= Tyrosine-protein kinase ABL1 =

Human protein-coding gene on chromosome 9

Tyrosine-protein kinase ABL1 also known as ABL1 is a protein that, in humans, is encoded by the ABL1 gene (previous symbol ABL) located on chromosome 9. c-Abl is sometimes used to refer to the version of the gene found within the mammalian genome, while v-Abl refers to the viral gene, which was initially isolated from the Abelson murine leukemia virus.

== Structure ==
The ABL1 protein is a non-receptor tyrosine kinase that contains both Src homology 3 (SH3) and Src homology 2 (SH2) domains, followed by a tyrosine kinase domain. These domains are involved in regulating its activity and interactions with other proteins.

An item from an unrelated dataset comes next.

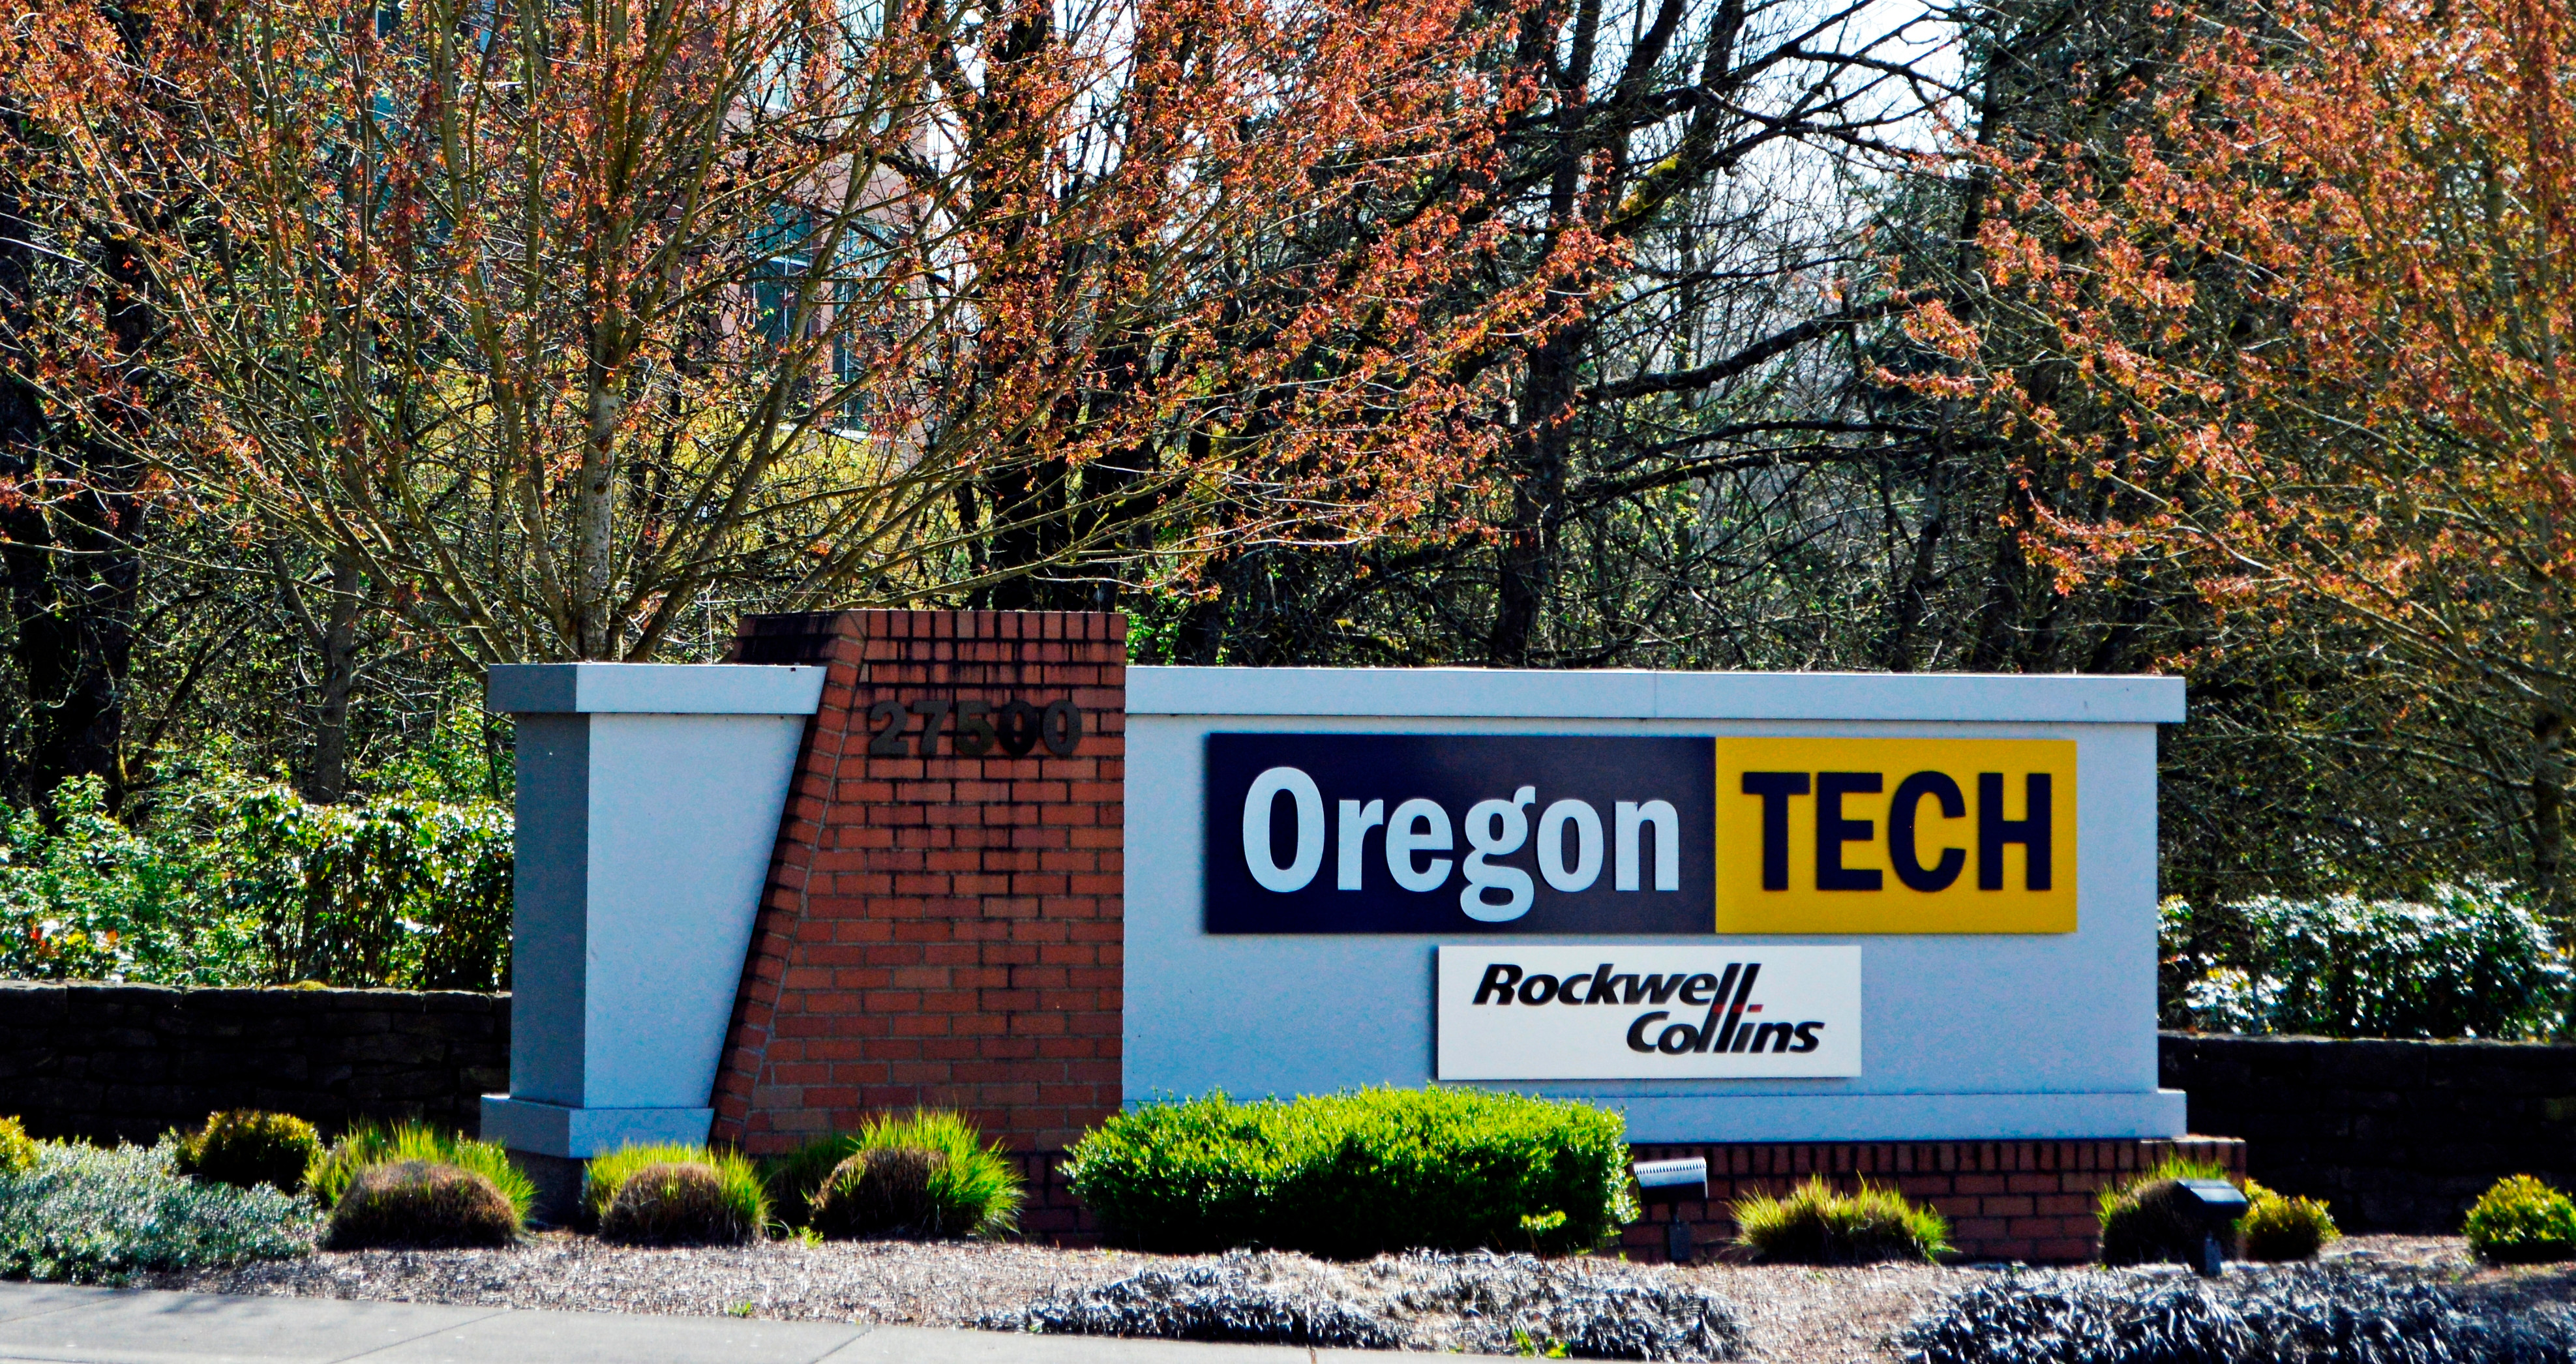 27-oregon-tech-rockwell-collins-wilsonville-oregon-the-kelly-group-real-estate

ABL1 also contains signals that allow it to shuttle between the nucleus and cytoplasm, as well as regions that enable binding to the actin cytoskeleton.

== Function ==

The ABL1 proto-oncogene encodes a cytoplasmic and nuclear protein tyrosine kinase that has been implicated in processes of cell differentiation, cell division, cell adhesion, and stress response such as DNA repair. Activity of ABL1 protein is negatively regulated by its SH3 domain, and deletion of the SH3 domain turns ABL1 into an oncogene. The DNA-binding activity of the ubiquitously expressed ABL1 tyrosine kinase is regulated by CDC2-mediated phosphorylation, suggesting a cell cycle function for ABL1.

A characteristic translocation, t(9;22), results in the head-to-tail fusion of the BCR and ABL1 genes, leading to a fusion gene present in many cases of chronic myelogenous leukemia.

The ABL1 gene is expressed as either a 6- or a 7-kb mRNA transcript, with alternatively spliced first exons spliced to the common exons 2–11.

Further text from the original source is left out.